Lentils are legumes packed with protein.
A cup of cooked lentils contains a whopping 18 grams of protein. They’re also a great source of fiber, which aids in digestion and keeps you feeling full.
Also known as garbanzo beans, these versatile legumes are high in protein — one cup of cooked chickpeas has about 15 grams of protein.
Black beans are a tasty legume that’s high in protein.
One cup of cooked black beans contains about 15 grams of protein. Plus, they’re a great source of fiber, which can help keep your digestive system healthy.
Amaranth is a grain that’s often overlooked, but it’s a great source of protein.
One cup of cooked amaranth contains over 9 grams of protein. It’s also a good source of iron and calcium.
Teff is a tiny grain that packs a big protein punch.
One cup of cooked teff contains about 10 grams of protein. It’s also high in fiber, iron, and calcium.
If you’re looking for a protein-packed seed, chia seeds are the way to go. Just two tablespoons of these tiny seeds (about a 1-ounce serving) pack a hefty 5 grams of protein.
But that’s not all: They’re also a fantastic source of fiber, omega-3 fatty acids, and antioxidants.

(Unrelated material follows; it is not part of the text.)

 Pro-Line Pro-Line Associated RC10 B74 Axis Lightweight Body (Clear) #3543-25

Almonds are both tasty and packed with protein. A 1-ounce serving of almonds (that’s about 23 nuts) contains 6 grams.
Plus, they’re chock full of healthy fats, fiber, and vitamin E.
Pumpkin seeds, or pepitas, are a tasty and nutritious snack.

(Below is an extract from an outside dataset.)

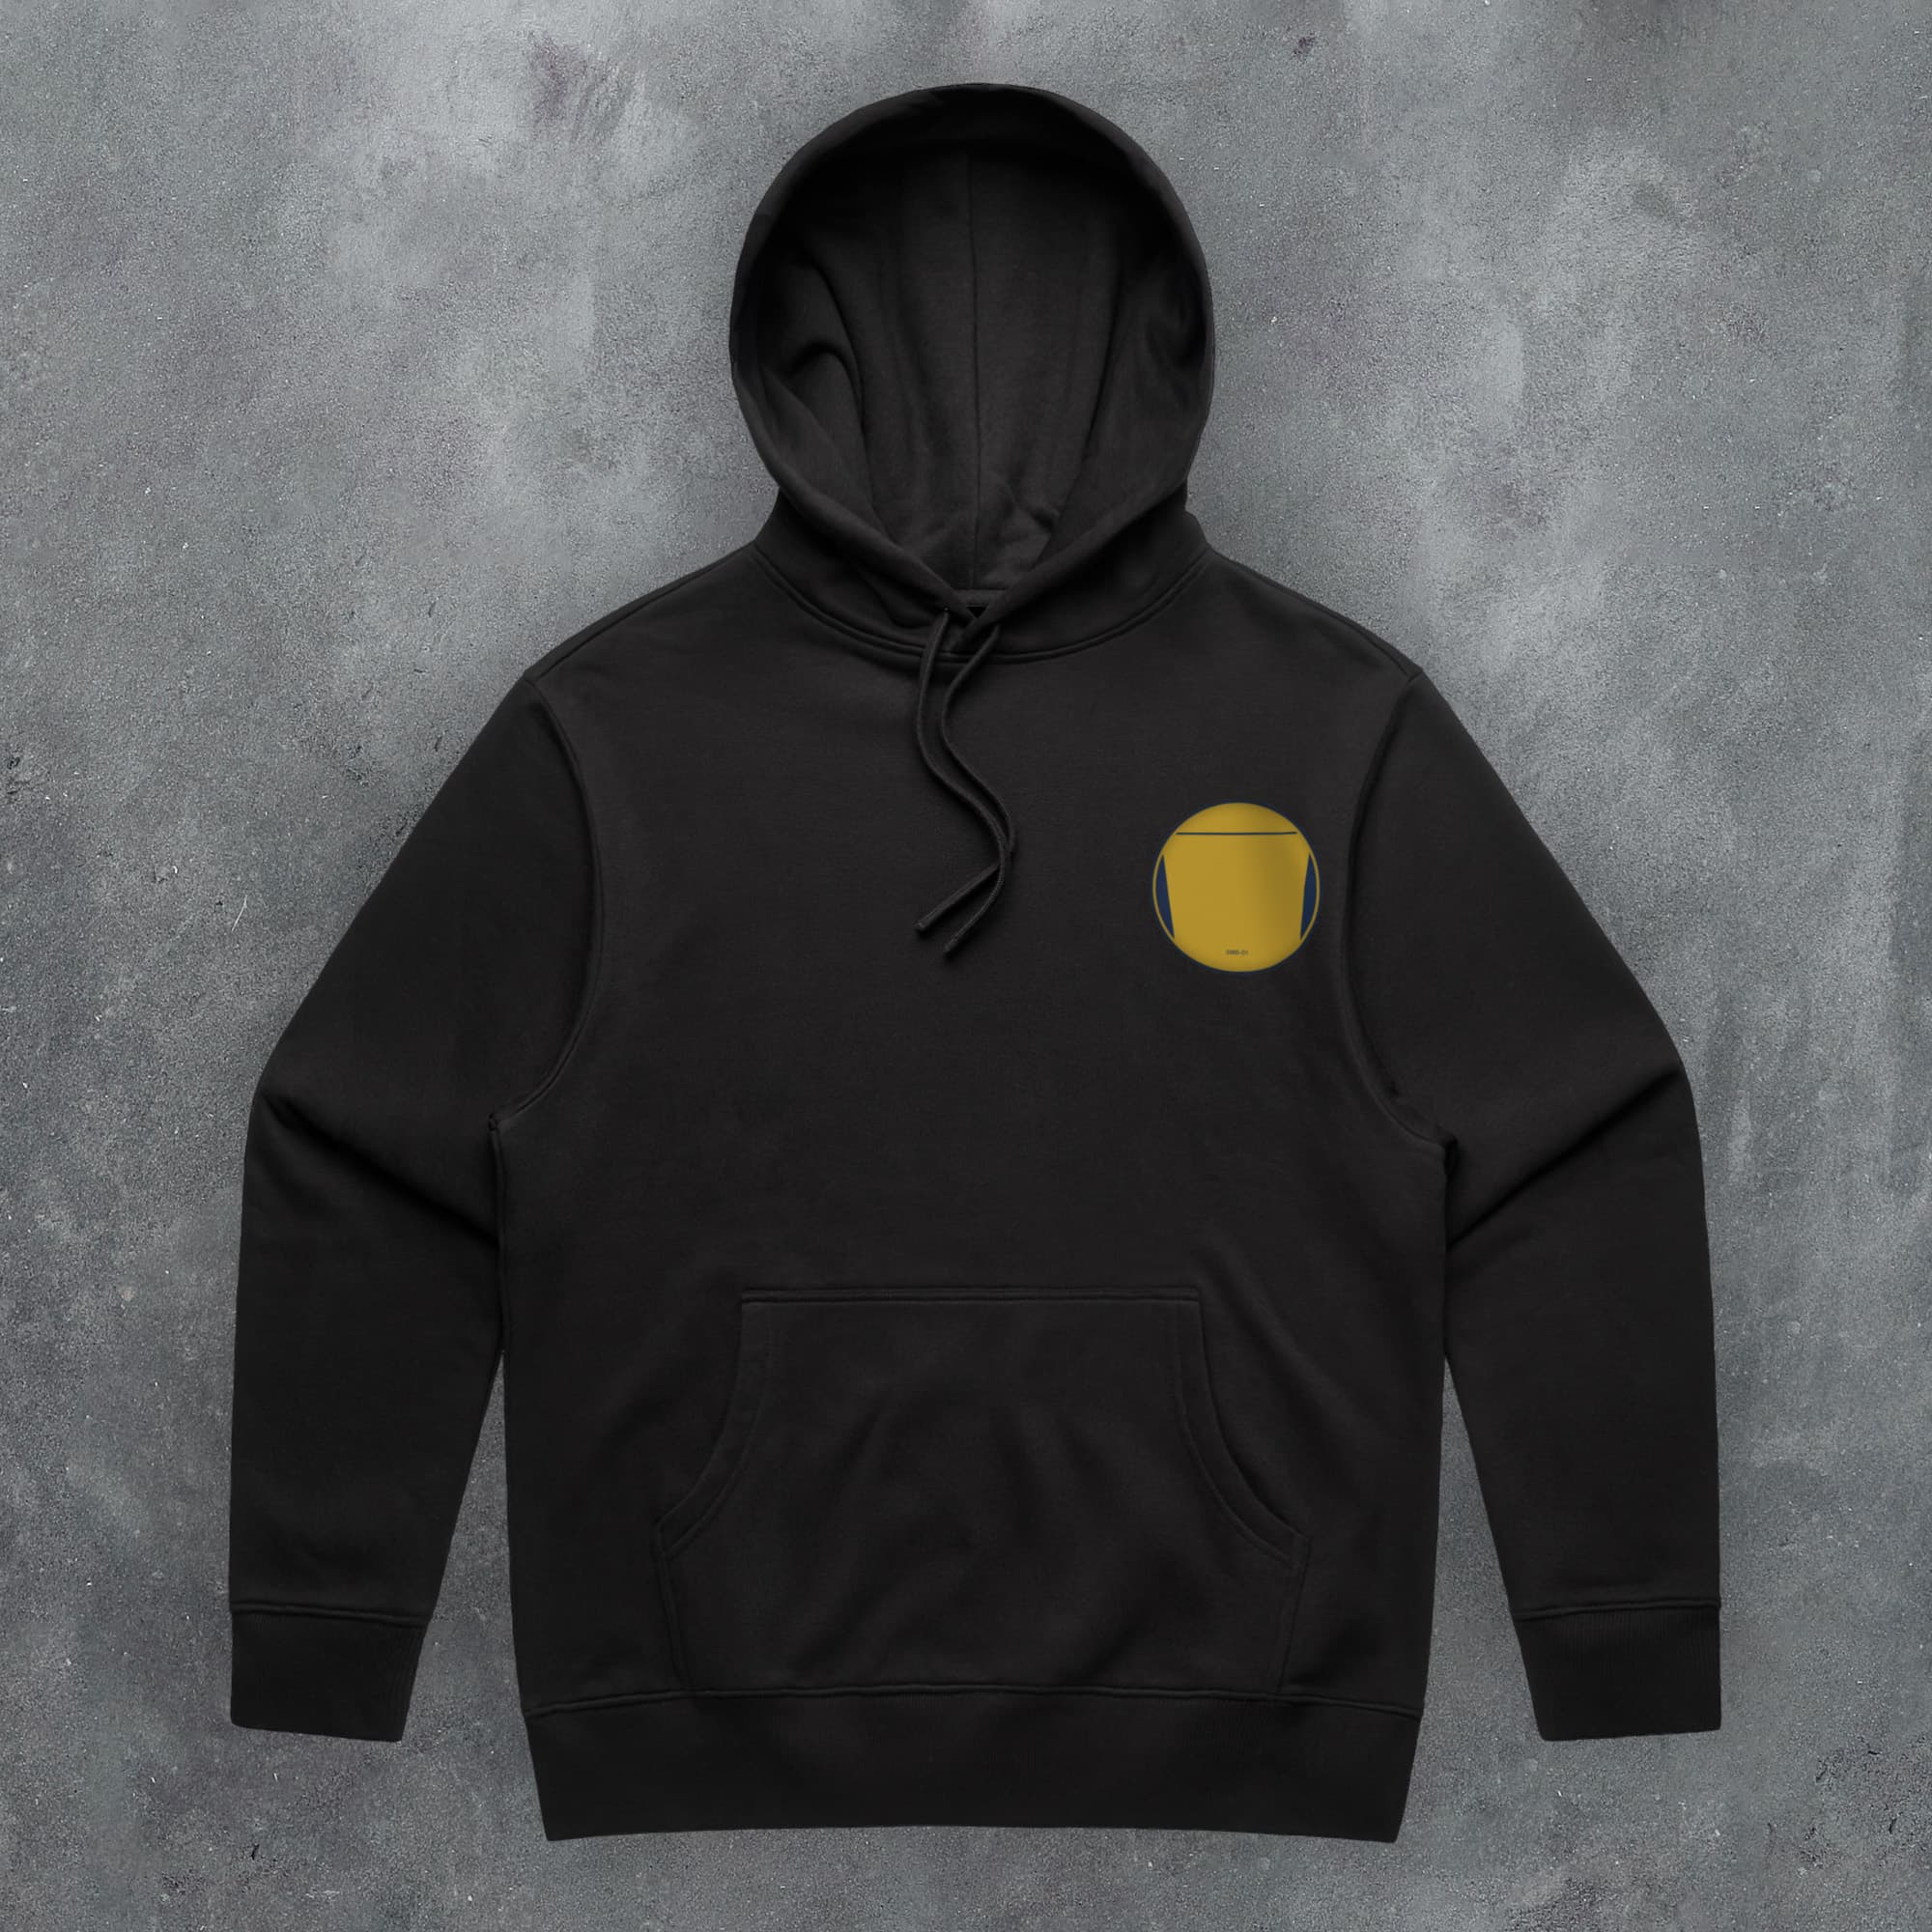 a black hoodie with a yellow patch on it

A 1-ounce serving of these seeds offers 9 grams of protein. They’re also a great source of magnesium, iron, and antioxidants.
Don’t be fooled by their small size: Hemp seeds are a protein powerhouse.
Just three tablespoons of these seeds serve up 10 grams of protein, along with vitamin E, fatty acids, and other minerals.
Seitan, also known as wheat meat, is a popular meat substitute in many vegan diets.
Made from gluten, the main protein in wheat, seitan is incredibly high in protein. A 1-cup serving adds 19 grams of plant-powered protein to your meal.
Nutritional yeast, affectionately known as “nooch” in the vegan community, is a deactivated yeast that’s packed with protein and B vitamins.
Just three tablespoons provide 8 grams of protein and a host of other nutrients.
This blue-green algae might not sound appetizing, but it’s a nutritional goldmine.
One tablespoon of spirulina powder contains 4 grams of protein and a wealth of vitamins and minerals. Pack it into a smoothie to add extra oomph to your post-workout snack.